• **PROBLEM DESCRIPTION**: What you return should be the full listing, word for word, without a single image.

• **DATA EXTRACT**:

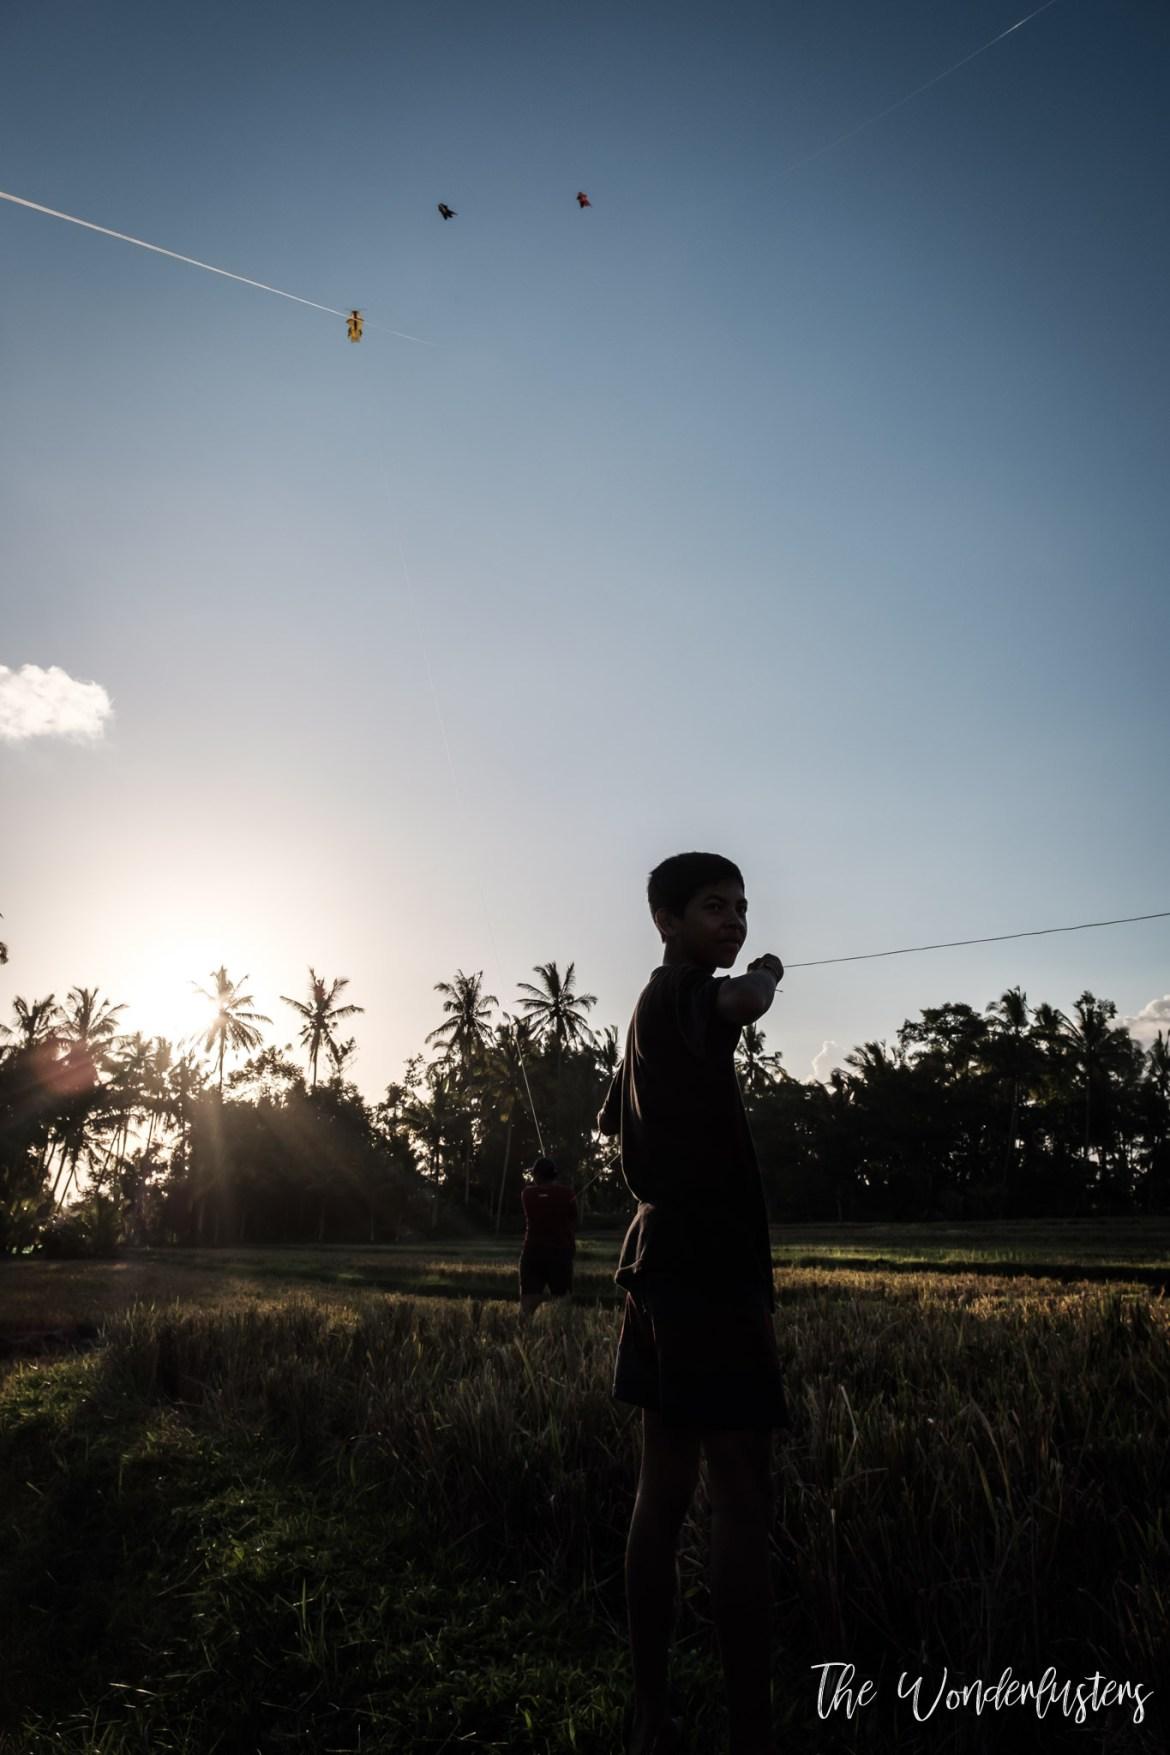 Kite Flying in Ubud
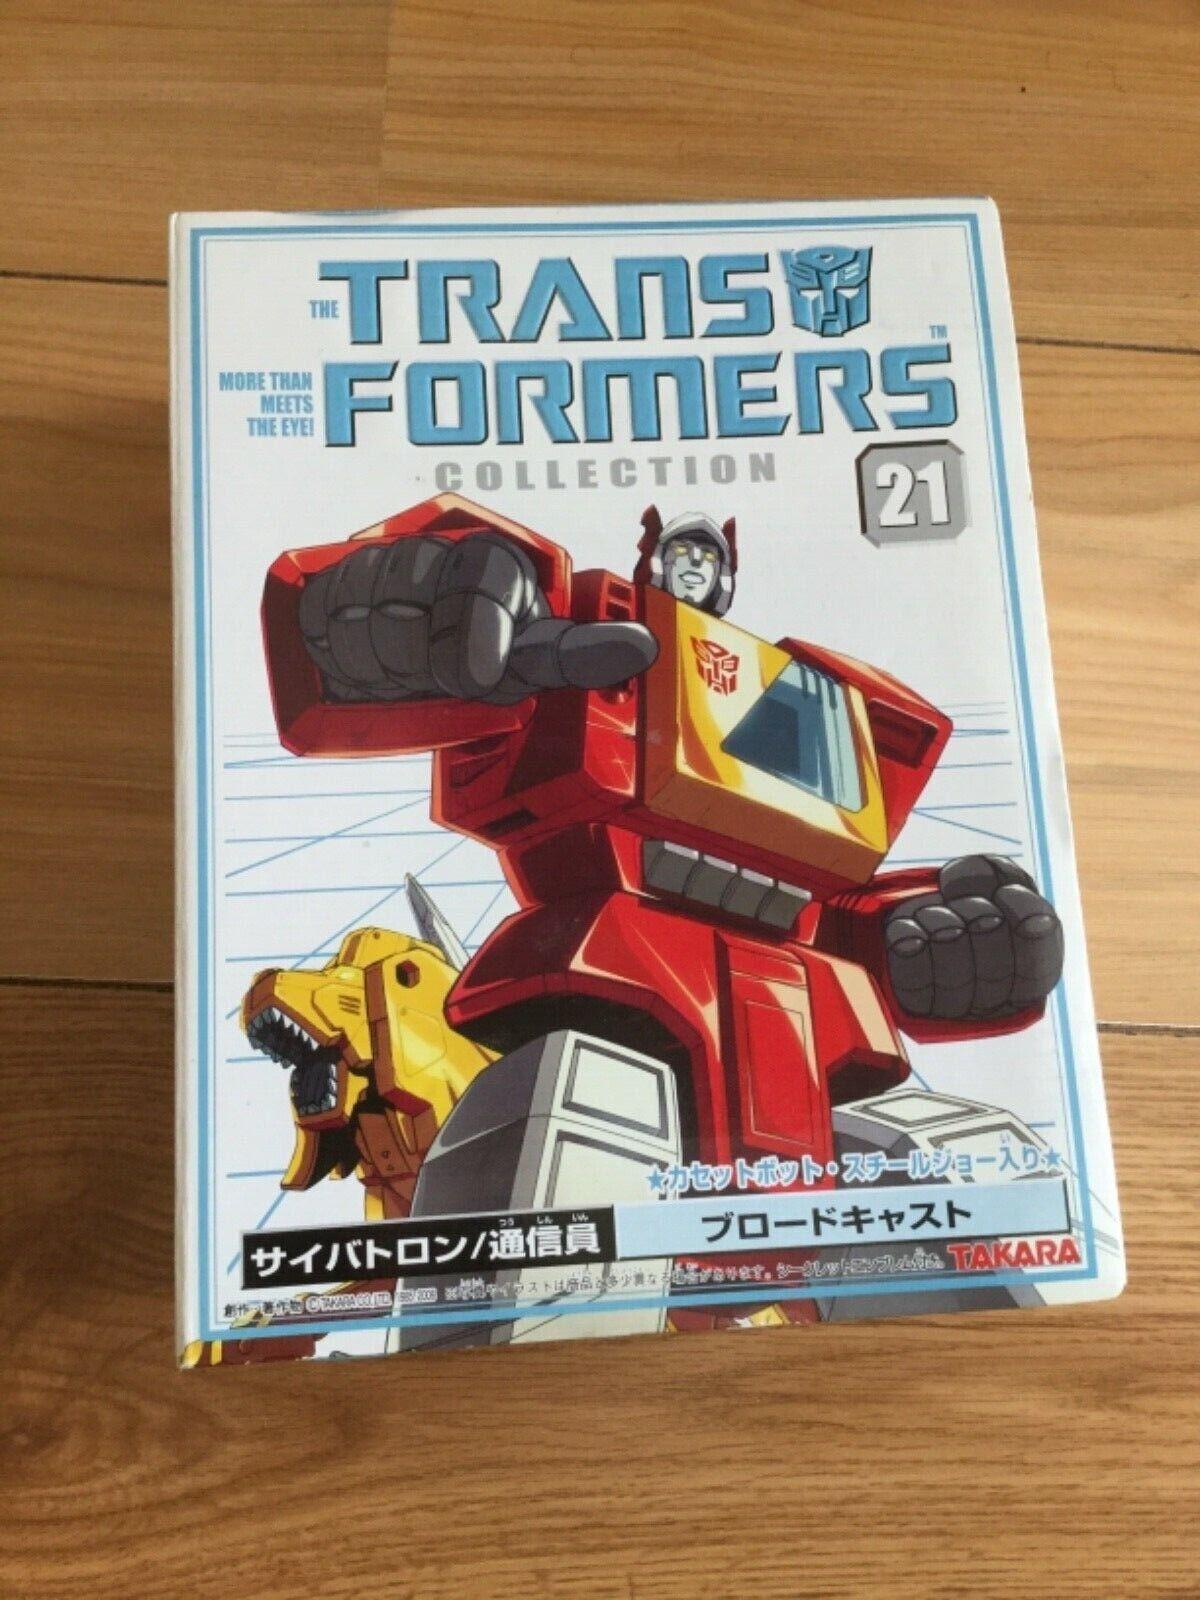 Transformers G1 Takara Book Collection 21 Blaster in box
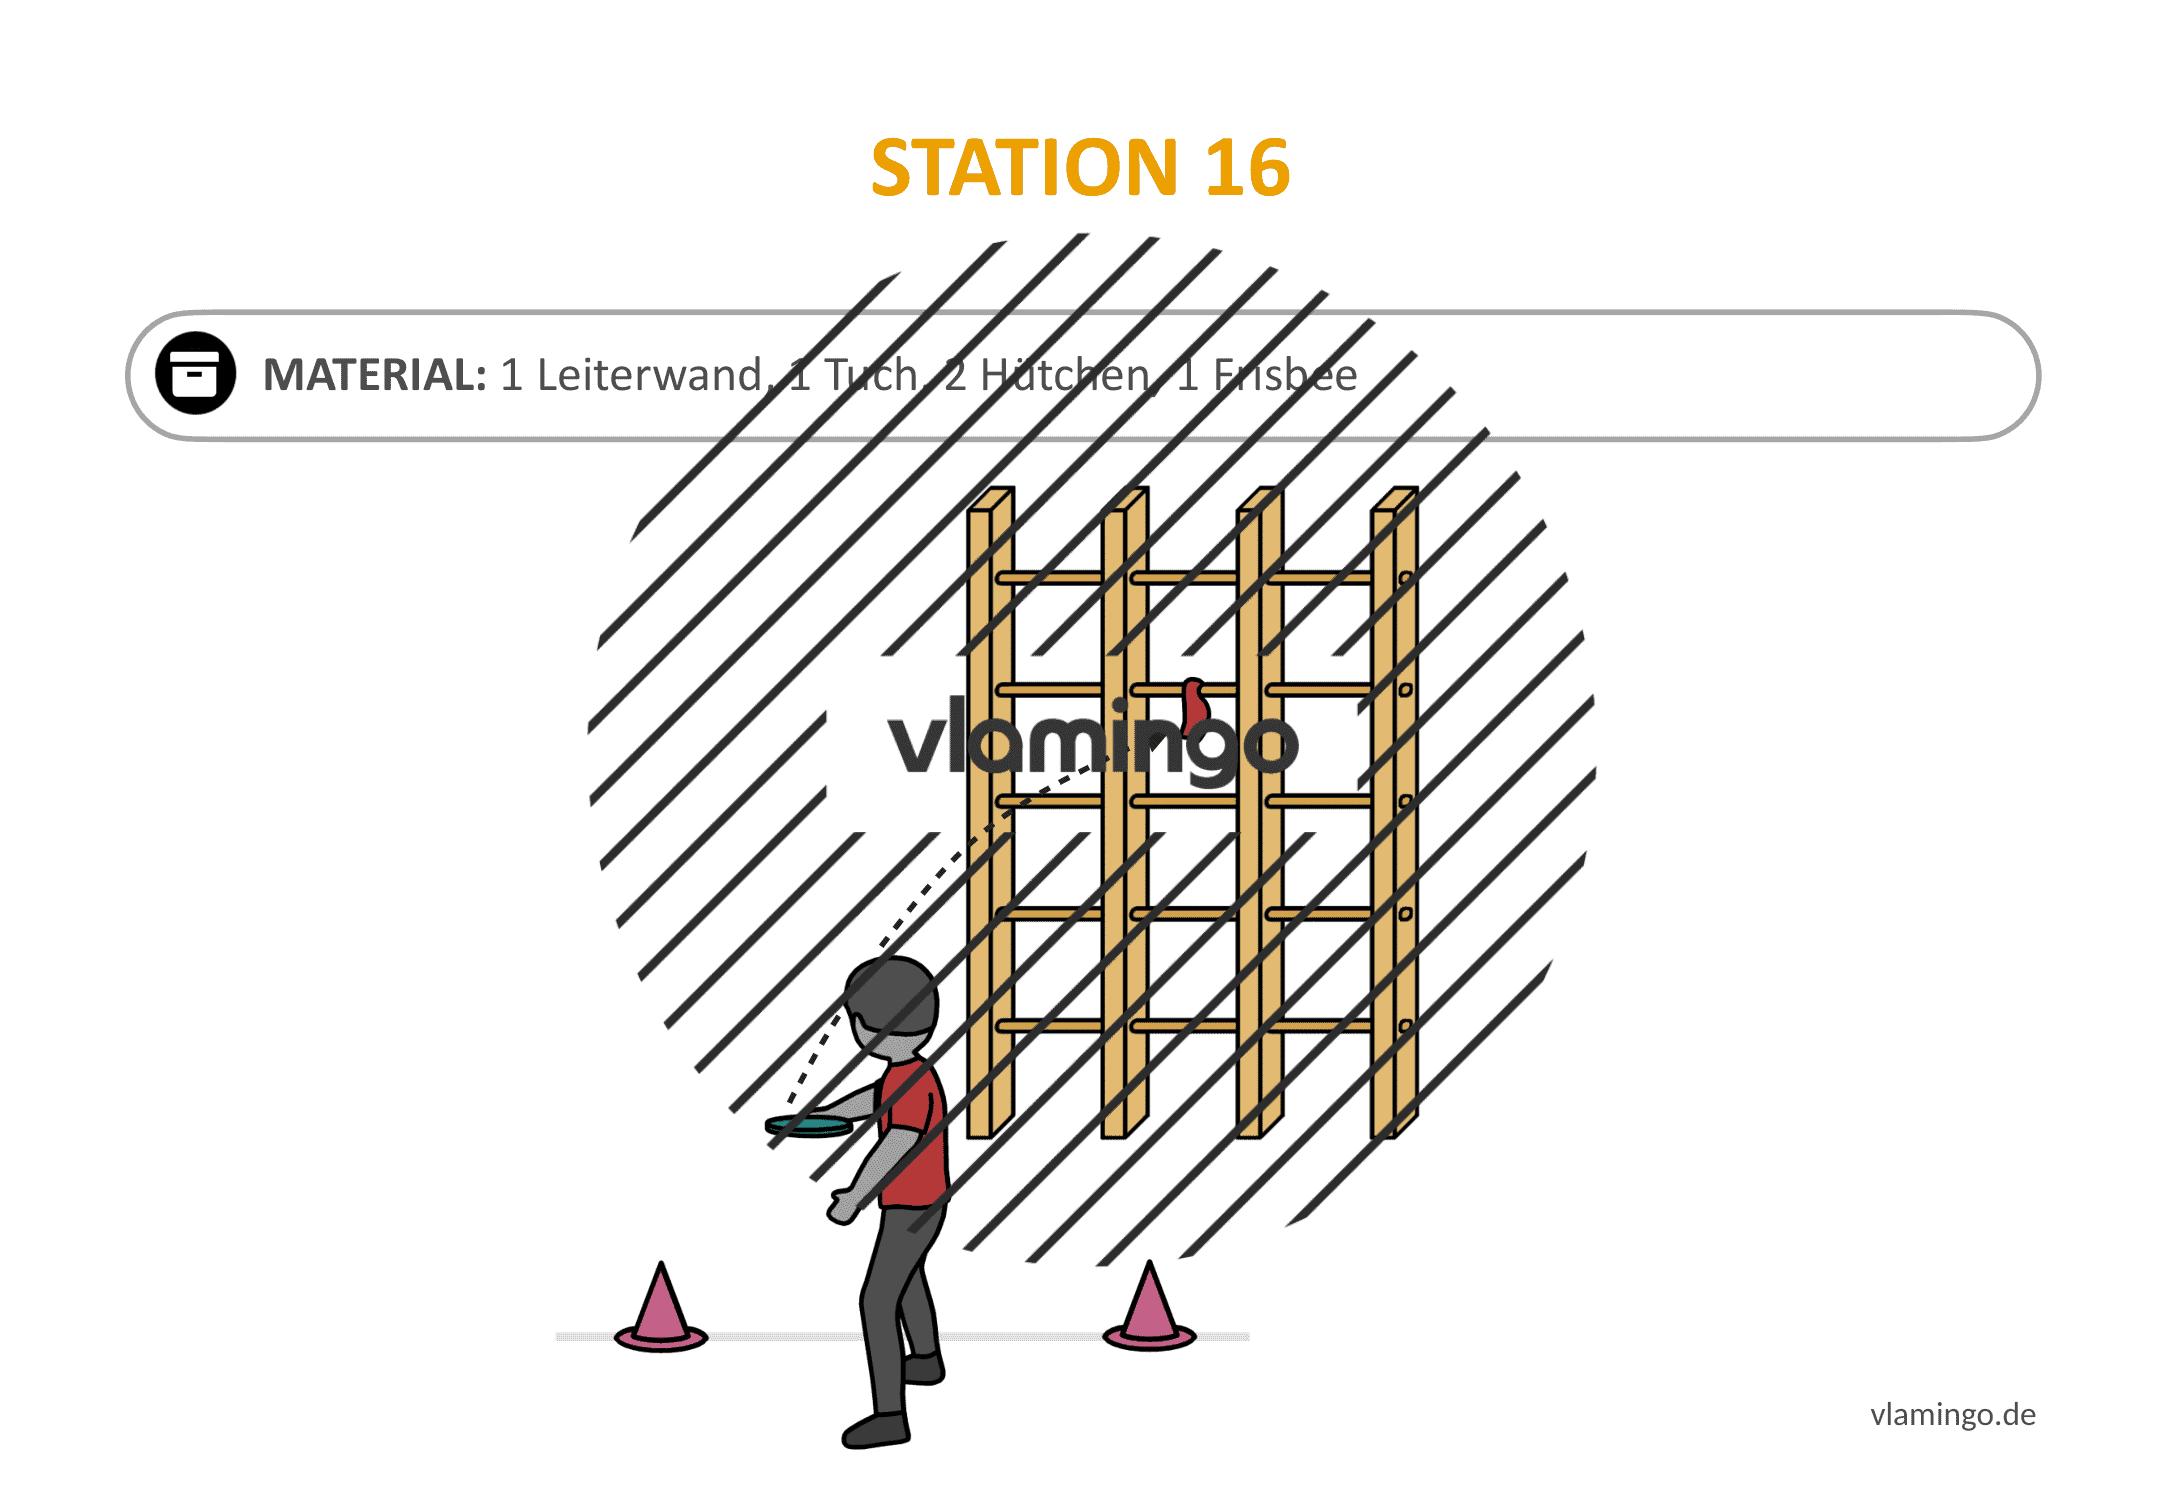 Frisbeegolf (Disc-Golf) - Station 16

• **SOLUTION FOR THIS EXERCISE**:
 Kite Flying in Ubud
 Transformers G1 Takara Book Collection 21 Blaster in box
 Frisbeegolf (Disc-Golf) - Station 16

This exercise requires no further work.